几个连队的火力飓风般地朝着同一个目标扫去。几名无畏的勇士抱着炸药包,前仆后继地冲上去,终于把大碉堡的堡墙炸裂。随后又是一阵猛攻猛炸,十几杆枪封住敌人一个射孔,使敌人无法抵抗。接着,不知把里面什么东西打着了,堡内喷出火舌,眼看碉堡就要坍塌了。战士们一起冲上去,同剩下的敌人肉搏,把他们全部击毙。可是,三连长沈万玉同志在激战中壮烈牺牲。

天大亮了,全身乌黑的矿工们欢呼着从各个角落里钻出来,他们大声地招呼着村子里的人:

“喂! 快出来呀! 八路军来啦,出来给他们搬胜利品吧!”

于是,矿工和乡亲们便和我们的战士一起,把敌人的枪支弹药、掷弹筒、电话机和各种军用物资搬了出来。他们向我报告:缴获的大量炸药中,除了梯恩梯外,还有一种条状、有甜味的炸药。我要他们送来看看。

条状炸药送来了,我接过来,伸出舌头轻轻一舔,果然是甜的!

送炸药来的同志说,这种炸药多得不得了,是日军用来开矿的,听说爆炸起来威力很大。我听后大喜,对邱蔚他们说:

“把这些炸药统统运回去,将来爆破敌人的碉堡呀,兵工厂做手榴弹呀,就不愁了。还有矿井里那些机器和设备,能搬走的尽量搬走,搬不走的就地炸毁!”

随后接到报告:贾庄炮楼也拿下来了。三团二营攻克了南正。但是岗头老矿的守敌非常顽固,他们施放了毒气,致使三营在连克三座碉堡之后,攻击受阻。其中一个排虽然从侧面攻入了矿区,但由于矿区太大,他们找不到攻击目标,只停留了一会,便撤回来了。

在三团激战井陉时,三分区二团占了蔡庄据占,破坏了乏驴岭铁桥。冀中军区十六团攻克地都、北峪据点,歼守敌大部。正太路日军在我中路纵队破袭战中,遭到了沉重的打击。

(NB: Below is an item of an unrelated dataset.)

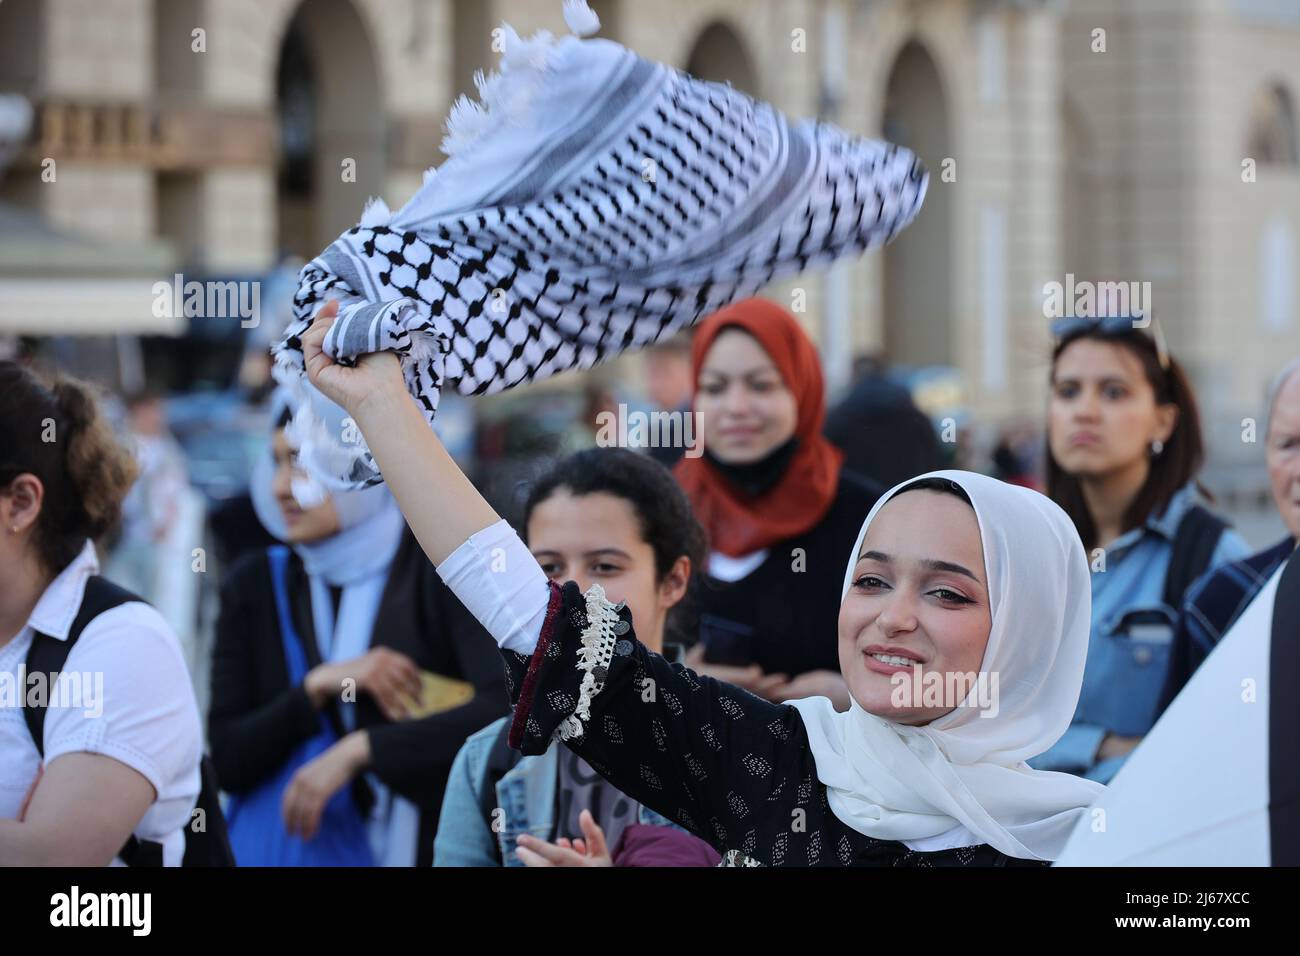 Turin, Italy. 28th April, 2022. A woman waves her keffiyeh at a protest against the raids of Israeli forces in West Bank and restrictions on access to holy sites in Jerusalem during the Ramadan time. Credit: MLBARIONA/Alamy Live News Stock Photo

井陉新矿硝烟未散,盘踞在岗头老矿的敌人听说中心堡垒已经陷落,就射来夹杂着烧夷弹的排炮。炮弹落处,烈焰四起,中心堡垒一带成了熊熊火海。然而,这已经挽救不了他们在新矿的惨败了。

新矿的十四盘开矿机器,十个锅炉,三座鼓风机,两个储水池,两个烟囱,一个绞车房,一个电机房,一个火车站,五座铁桥,以及矿区表面建筑,全部被我们摧毁。据被俘的日本工程师说,只此一矿,日本侵略者就要损失一亿日元,即使再运来全套机械设备,也得半年以后才能复工。v

敌人炮击后不久,我接到三团报告:井陉煤矿火车站日本副站长加藤清利夫妇被炸死了,遗下一对小姑娘,被一营的战士从炮火中救了出来。我要他们好好照顾孩子,立即送到我们前方指挥所来。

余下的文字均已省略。